[Activity]: From the first line to the last, set down the material exactly and drop every picture.

[Available data]:
________________

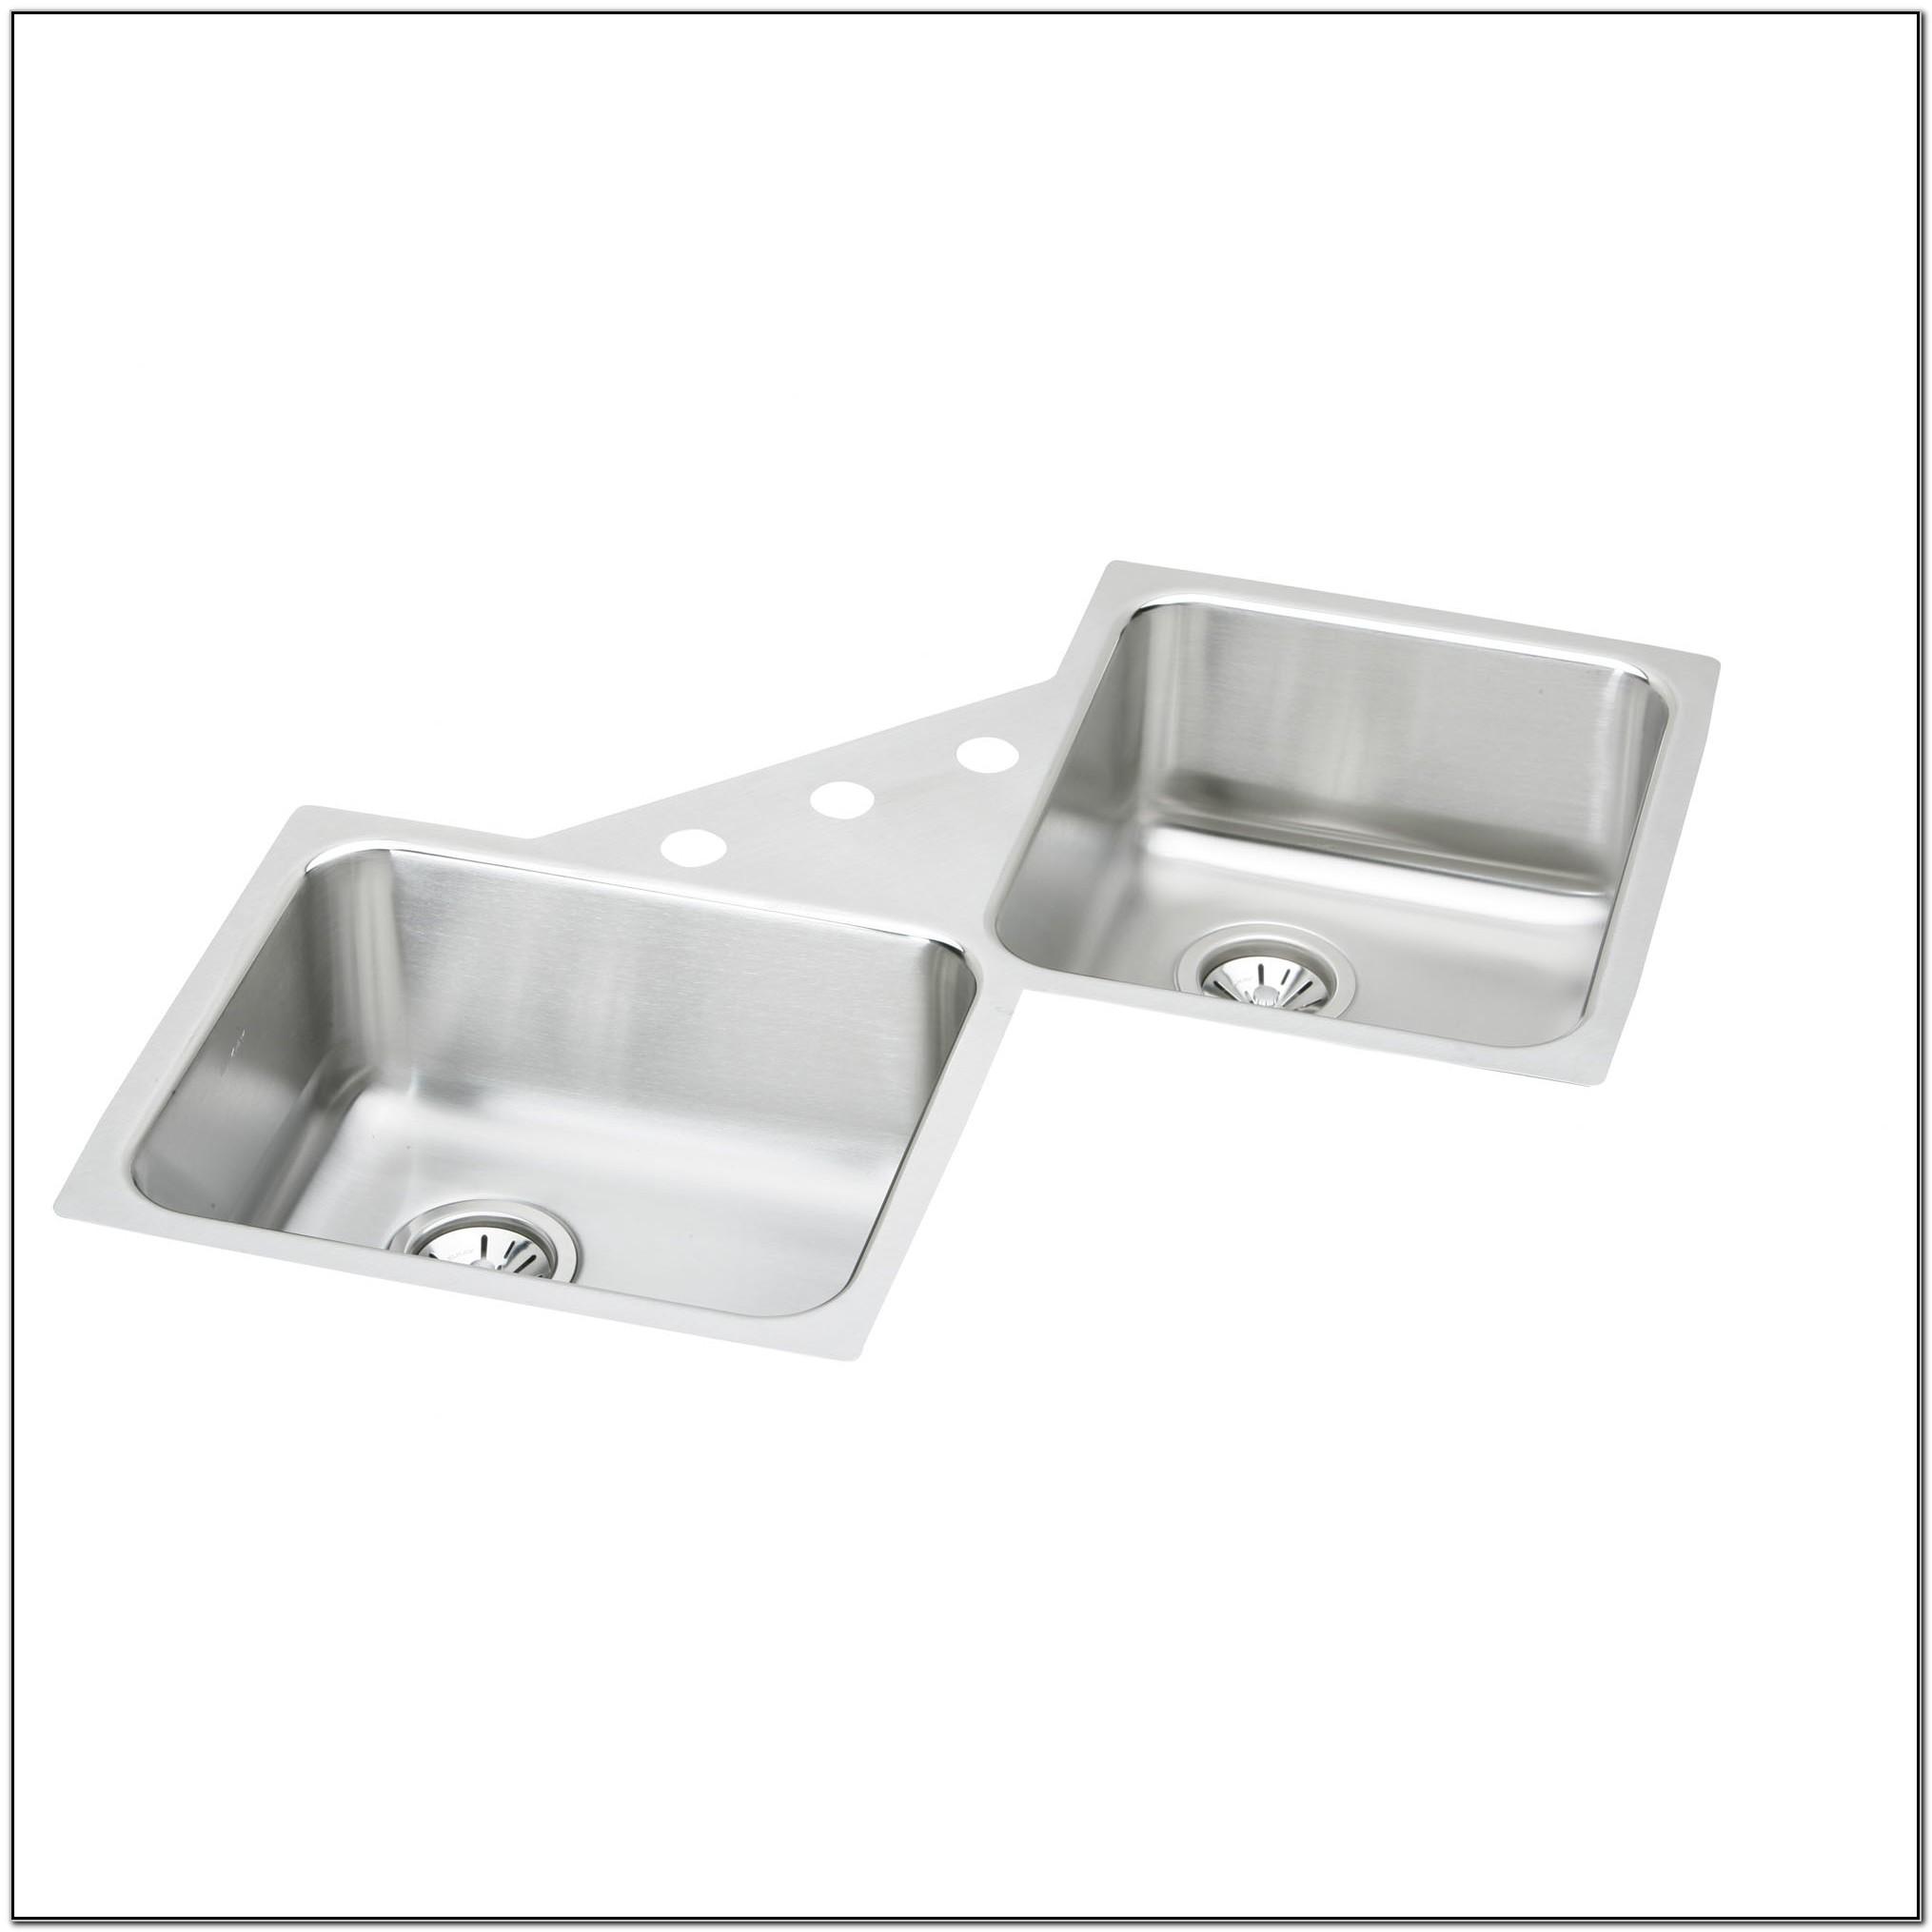 Elkay Undermount Corner Kitchen Sink
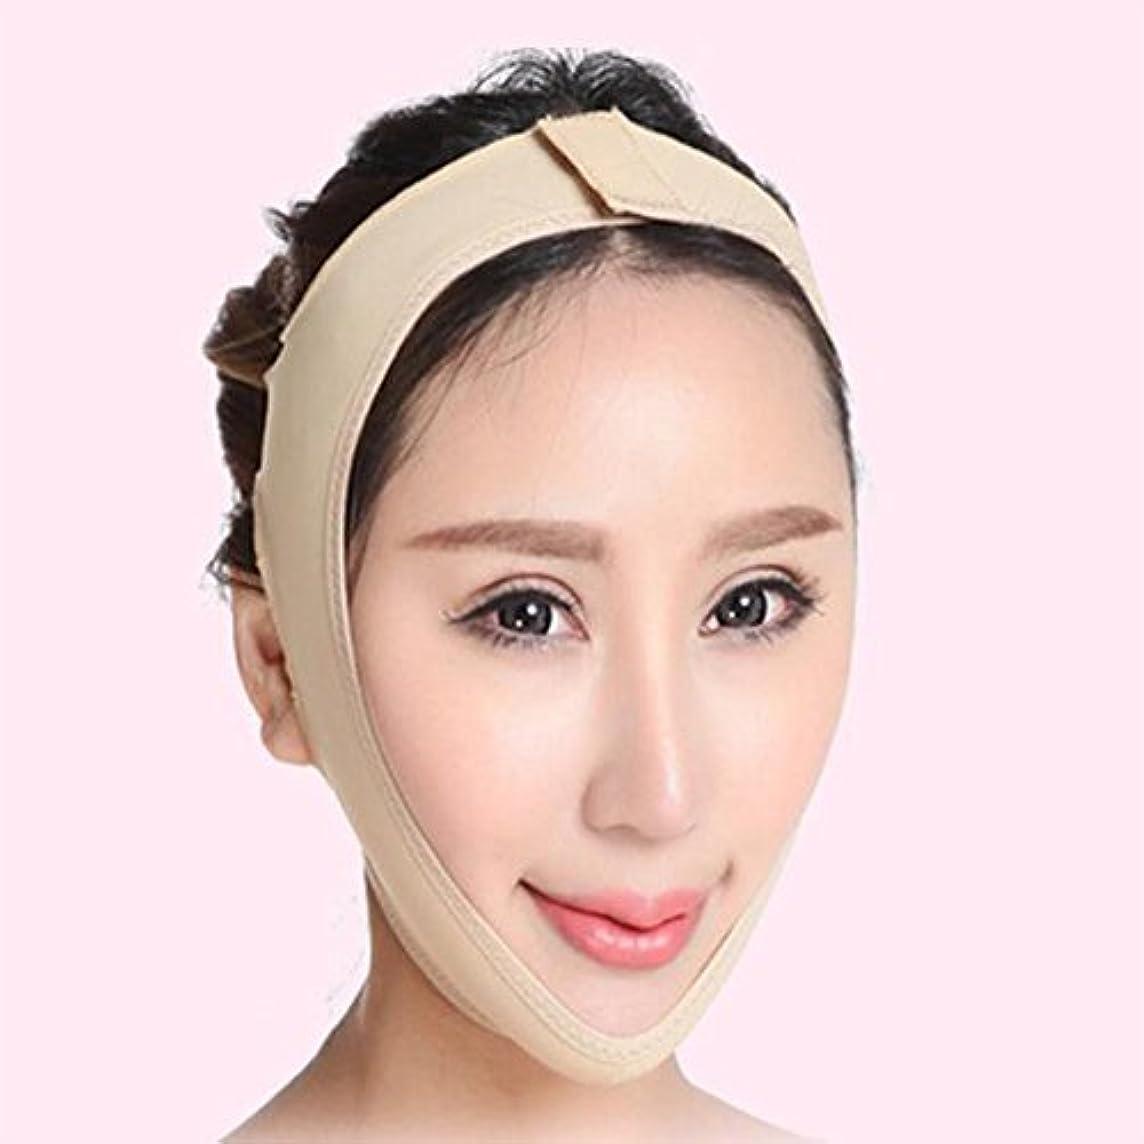 端末甘やかす地平線SD 小顔 小顔マスク リフトアップ マスク フェイスライン 矯正 あご シャープ メンズ レディース Sサイズ AZD15003-S
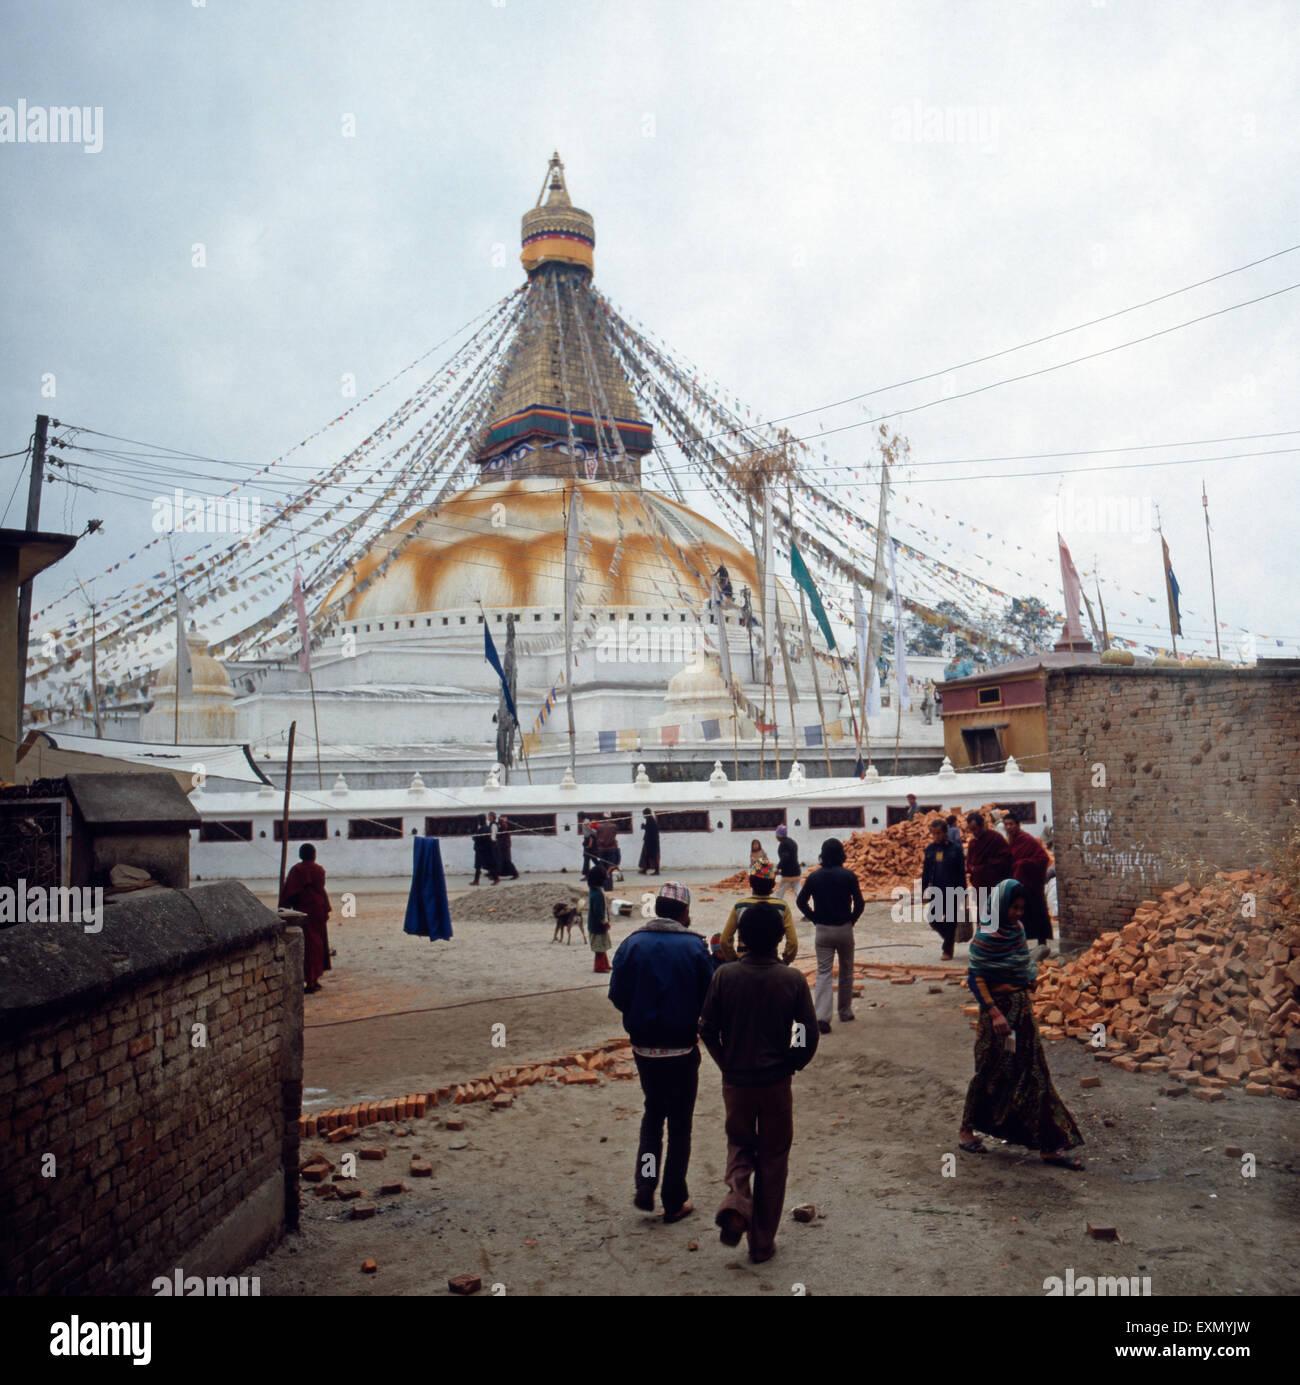 Boudhanath Stupa Tourists Kathmandu Nepal Stock Photos & Boudhanath Stupa Tourists Kathmandu
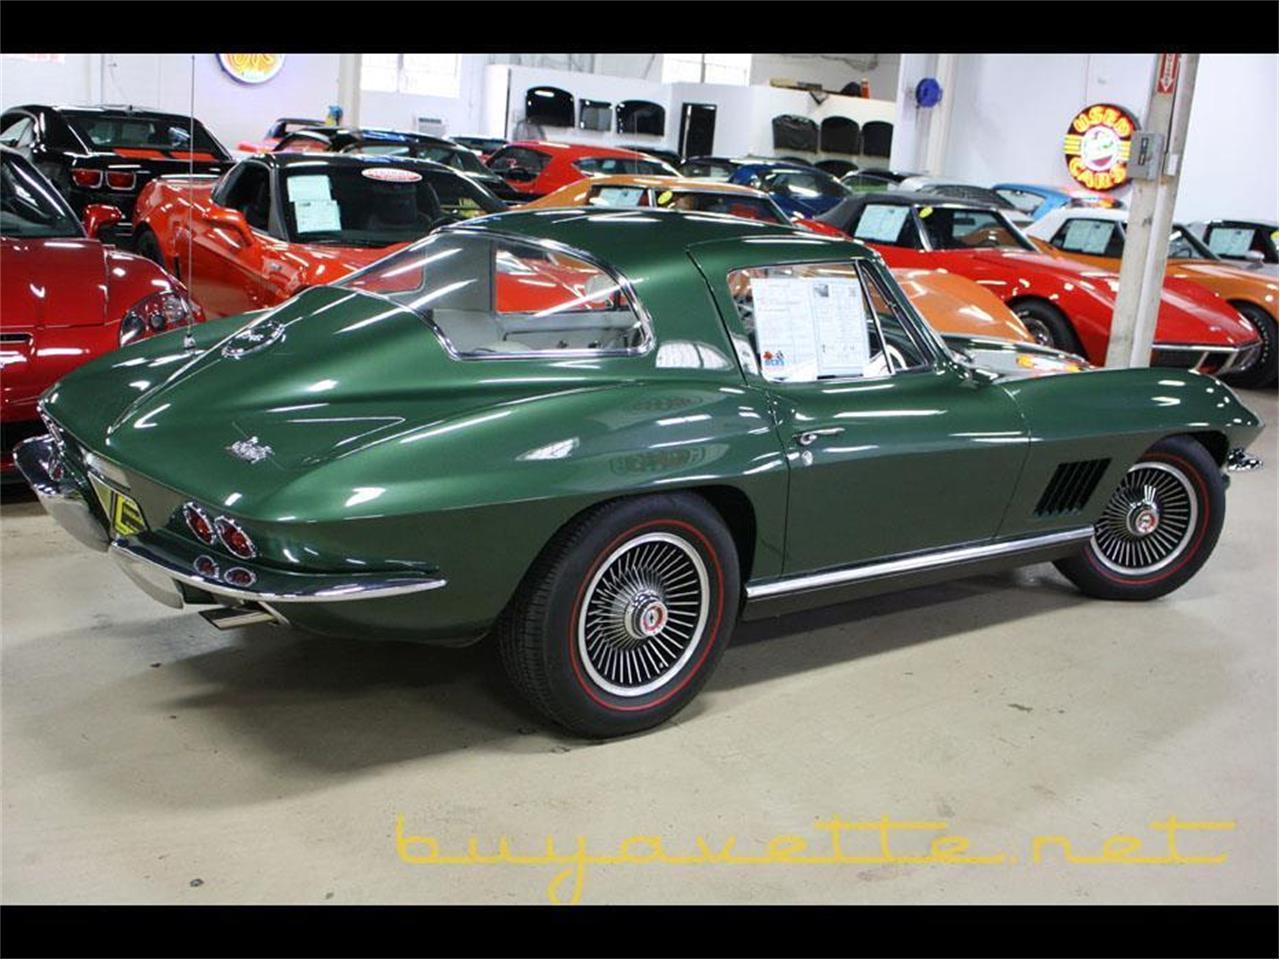 Used Car Dealerships In Atlanta Ga >> 1967 Chevrolet Corvette For Sale In Atlanta Ga

________________

[Response to this task]:
 Elkay Undermount Corner Kitchen Sink
 端末甘やかす地平線SD 小顔 小顔マスク リフトアップ マスク フェイスライン 矯正 あご シャープ メンズ レディース Sサイズ AZD15003-S
 Boudhanath Stupa Tourists Kathmandu Nepal Stock Photos & Boudhanath Stupa Tourists Kathmandu
 Used Car Dealerships In Atlanta Ga >> 1967 Chevrolet Corvette For Sale In Atlanta Ga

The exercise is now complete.